= Caborrojeños Pro Salud y Ambiente =

Environmental organization based in Puerto Rico

Caborrojeños Pro Salud y Ambiente, Inc. (CPSA, Caborrojeños for Health and Environment) is a non-profit environmentalist organization based in Cabo Rojo, Puerto Rico.

The organization was founded in 1990 by a group of concerned residents who wanted to improve the livings standards of Cabo Rojo and Puerto Rico in general, and was incorporated as a non-profit in 1991. The organization's first president and main driving force was Efrén Pérez Rivera, an ecologist and retired professor of the University of Puerto Rico at Mayagüez. The organization partnered with the US Fish & Wildlife Service to preserve and manage the Cabo Rojo Salt Flats.

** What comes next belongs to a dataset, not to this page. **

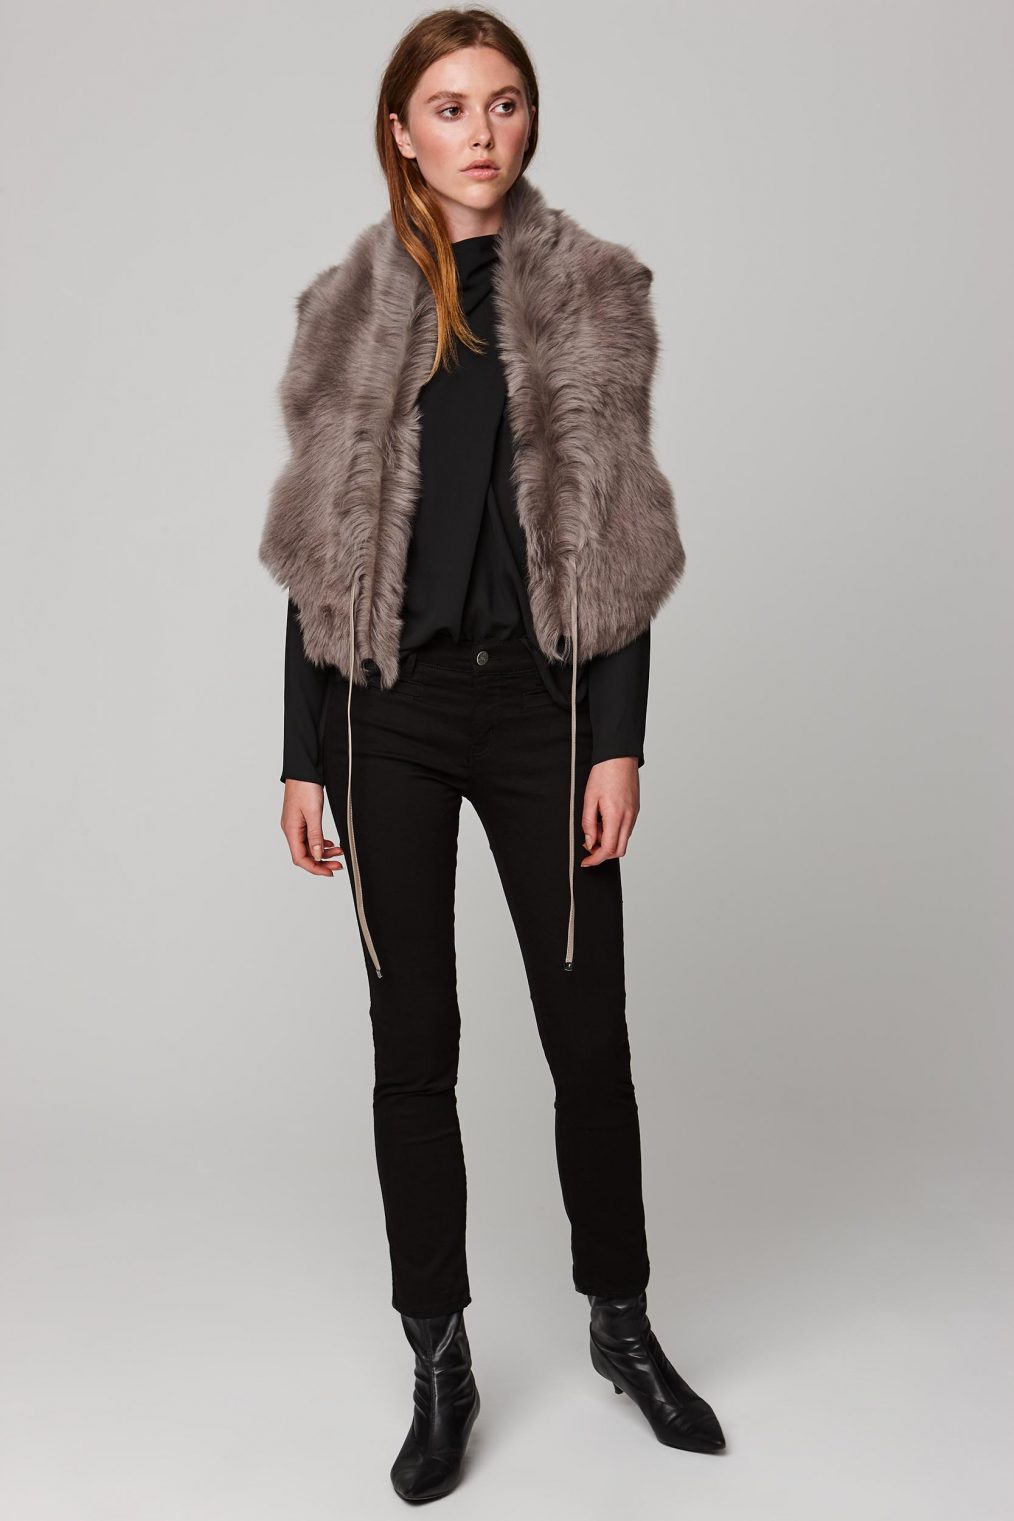 Shearling Shawl Scarf in Taupe | Women | Gushlow & Cole
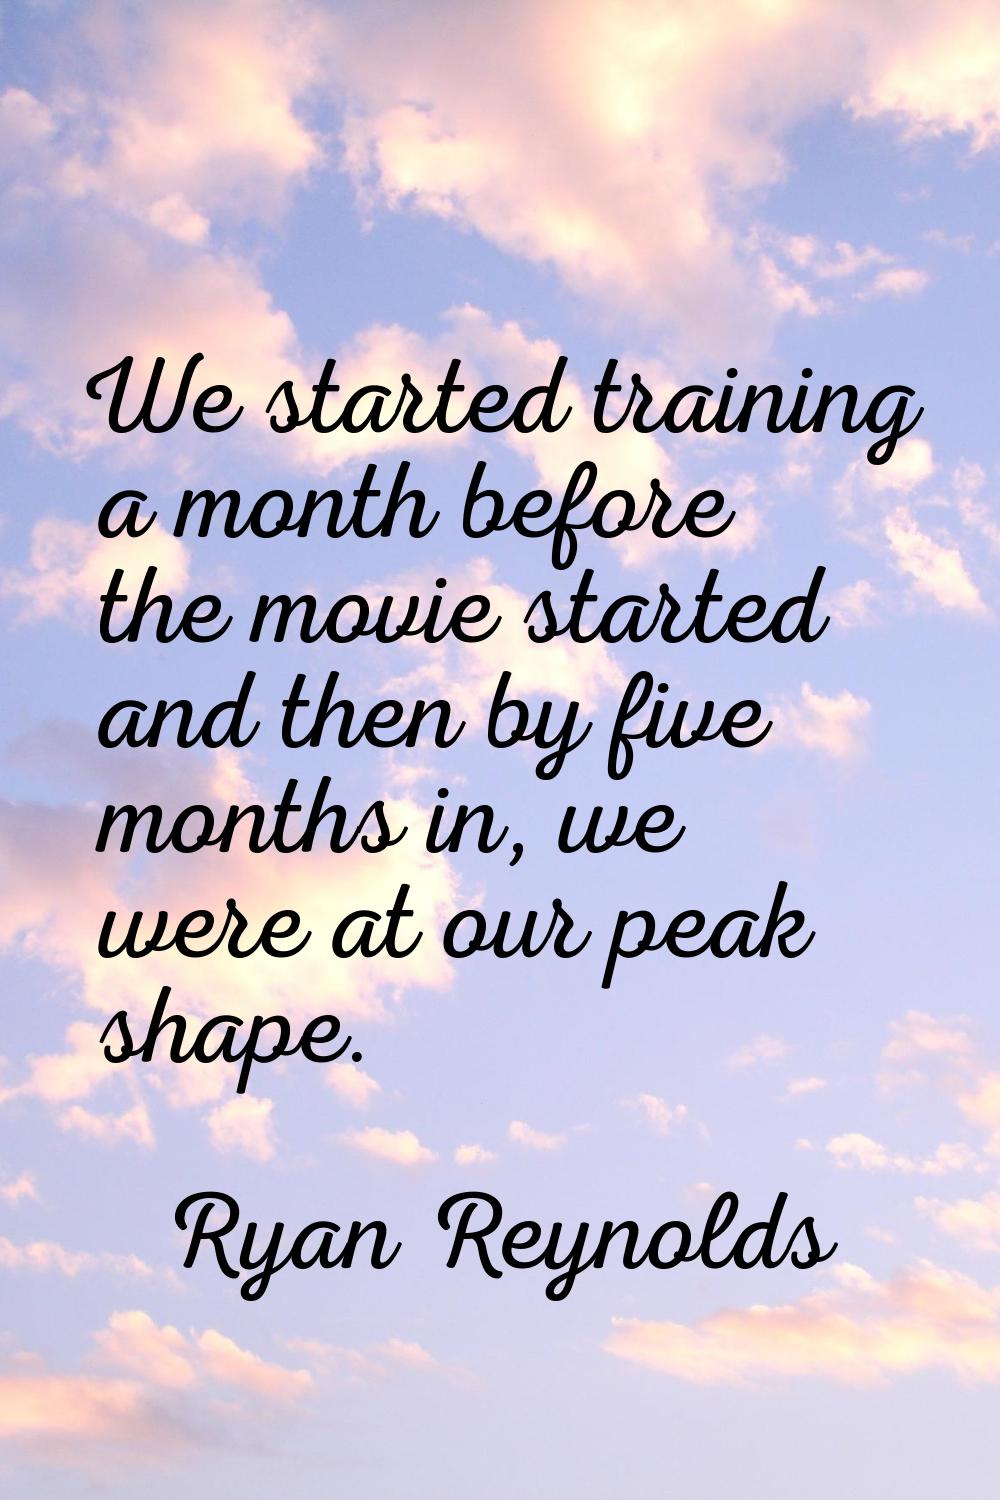 We started training a month before the movie started and then by five months in, we were at our pea

CPSA promotes efforts to preserve the indigenous flora and fauna of the Cabo Rojo area. The organization created and manages the Centro Interpretativo, a visitors' center in the Salinas area, near the Los Morrillos Lighthouse. Volunteers at the Centro Interpretativo provide guided walking tours that allow visitors to experience the local wildlife and fauna. CPSA collaborated with Walmart on the Sowing the Development of the Country (SDE) Project before withdrawing in 2008.

The group was also actively involved in the preservation of Isla de Ratones (Mice Island), a small island off the coast of Cabo Rojo. The island has been suffering from significant erosion during the past decades. Caborrojeños Pro Salud y Ambiente, with the help of the local government, planted mangroves and launched a project to repopulate the local coral population in order to stop the erosion.

The group was part of the alliance of environmental groups that fought the installation the carbon power station Cogentrix.

Caborrojeños Pro Salud y Ambiente was actively involved in the reconstruction effort of the Los Morrillos Lighthouse, achieving a grant from the U.S. Federal government to restore the historic building. However, political moves and the inactivity of Cabo Rojo mayor Santos Padilla doomed the plan and the federal grant was lost.

In 1999, the group received the Urban Community Award, presented by the Puerto Rico Forestry Conference Annual Convention. In 2003, the organization was awarded the Environmental Protection Agency Environmental Quality Award The group was also recognized by the Miranda Foundation.

The current president is retired college professor Dr. Pedro Valle Carlo.